"Comme un écho errant", inédit de Jean Meckert, autobiographie à la troisième personne et drame universel

Jean Meckert est un turbulent, il aime bien comme feu Albert Londres porter la plume dans la plaie. Ça le titille, l'injustice sociale, il emploie toute sa verve alors à défendre son idée du ridicule tel qu'il s'incarne dans la justice par exemple, et plus généralement dans tout ce qui est politique. Ce n'est pas un trublion, plutôt un regard avisé qui pointe les failles de la Société.


1975, Belleville. Merckert, au fait de son art sous le pseudonyme de Jean Amila pour la Série Noire de Gallimard, est retrouvé laissé pour compte dans la rue. Sur son lit d'hôpital il ne saura se souvenir que d'une chose, il écrit des polars. Dix ans plus tard, après les décès successifs de sa mère et de sa sœur, le moyen de s'en sortir émotionnellement est de transcrire cette aventure particulière dans un roman, à la fois psychologique et biographique, resté inédit jusqu'à ce jour. Comme un écho errant narre donc les souffrances d'un auteur de polar qui, parce qu'il a écris une charge contre les dérives d'une nation qui ment sur ses agissements dans ses territoires d'outre-mer et sur sa sureté nucléaire, pense avoir été la victime de quelques gros bras « pour la leçon ». Quoi qu'il en soit, il est retrouvé raid par terre, inconscient, et le choc lui aura fait perdre toute mémoire. Ce n'est plus qu'un écho errant, qui ne va avoir de cesse de ruminer sa vie et ses déboires. L'ancrage mémorielle, ce sera sa petite enfance, qui resurgit, alors que sa sœur fait tout (voire même un peu trop) pour l'aider. Dans cette enquête personnelle, il ne reconnaît plus les livres qu'il a écris, les lieux où il a vécut, les gens qu'il a connu. Il n'est plus qu'un vivant tout neuf. Et c'est en quelque sorte ce présent recomposé qui va être sa rédemption, qui va lui permettre de juger du monde comme un sage antique, perché plus haut et délié de toute contrainte.

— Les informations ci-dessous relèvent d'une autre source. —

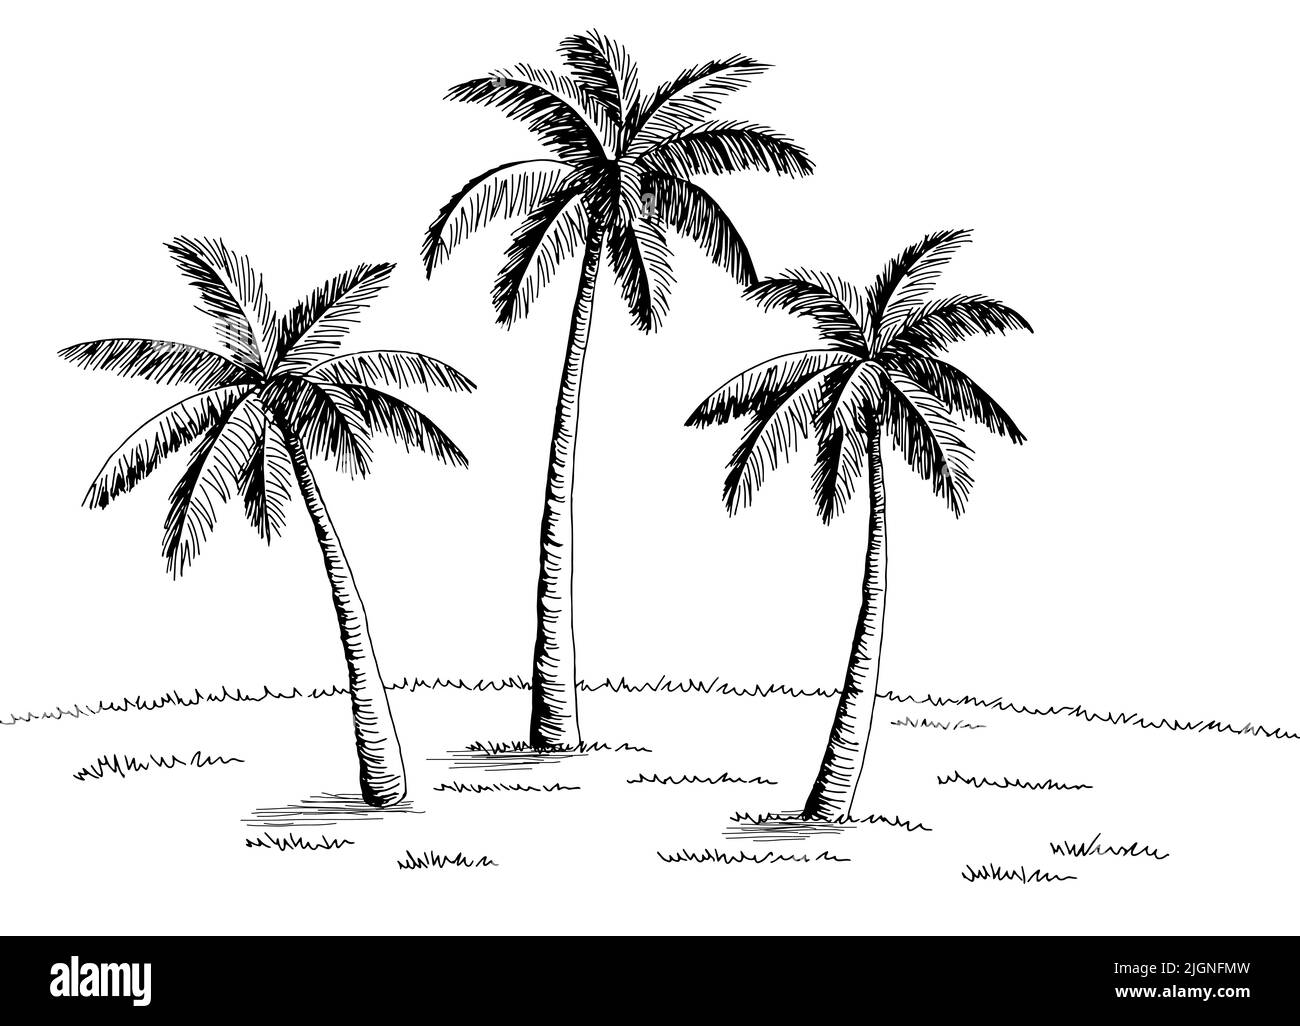 Palm grove plantation graphique noir blanc paysage dessin illustration vecteur Illustration de Vecteur

« C'était donc ça, l'amnésie, une citerne percée qui avait contenue une eau potable et qui puait douceâtrement son vide. Il fallait bravement récurer, réparer et souhaiter de nouvelles pluies du ciel.

Mais plus d'image, plus de son..., allez donc intéresser quelqu'un ! »


Comme un écho errant est un texte très âpre et beau, où l'on sent un Meckert soucieux plus que d'habitude de dire sa vision du monde, d'enfoncer le clou de l'injustice sociale notamment, à travers la très simple et belle figure maternelle, sans cesse dorlottée par une fille étouffante de petits soin et qui s'empresse de quitter la Côte pour retrouver son petit chez-elle parisien. Ce sont aussi nombre de petites notation au fil du récit qui placent Meckert du côté des ouvriers, du bon peuple qui souffre et qui turbine quand même. Un sentimental, le Meckert, qui voit aussi dans cet accident la chance d'une autre vie, comme une renaissance. Partie, sa femme acariâtre ; disparues, les contingences : oubliés les mauvais souvenirs : Meckert est un homme neuf, un voyageur sans bagages dirait Anouilh, un regard qui se pose sans appréhension sur le monde et le voit tel qu'il est, une effarante machine à écraser les gens. 


De sa petite retraite  dans la campagne seine-et-marnaise, Meckert se fait l'héritier d'un François Augiéras, se déprend du monde et rire de ses tares. Car elles sont légions, et souvent incarnées, notamment par la soeur qui synthétise tout l'esprit d'obéissance civile et de crédulité qui le met hors de lui. Meckert n'est pas un anarchiste, mais un humaniste qui rêve de voir chacun disposé de son libre arbitre, voici sa leçon.


« Car on en était là, mémoire en caillebotis pourri, vieux bonhomme angoissé, au niveau du marmot égaré dans les couloirs. Mais du moins il savait, depuis l'orphelinat et la jeunesse en usine, que la chialerie sur soi ne menait à rien et que pour avancer il fallait mettre un pied devant l'autre.

Peut-être aussi ne ressentait-il pas son état comme déchéance, mais comme simple avatar. »


Refusé en 1986 par Gallimard, au motif que le texte ne choisissait pas entre étude psychologique et biographie, c'est justement cette force qui fait de Comme un écho errant une manière de catharsis par laquelle Meckert revient sur son drame personnel et en fait un roman à la portée universelle, même si la volonté de surcharge nuit un peu et que les grands romans ne sont pas égalés, ce texte a une force incroyable.



Loïc Di Stefano


Jean Meckert, Comme un écho errant, Joseph K, juin 2012, 185 pages, 16,50 euros.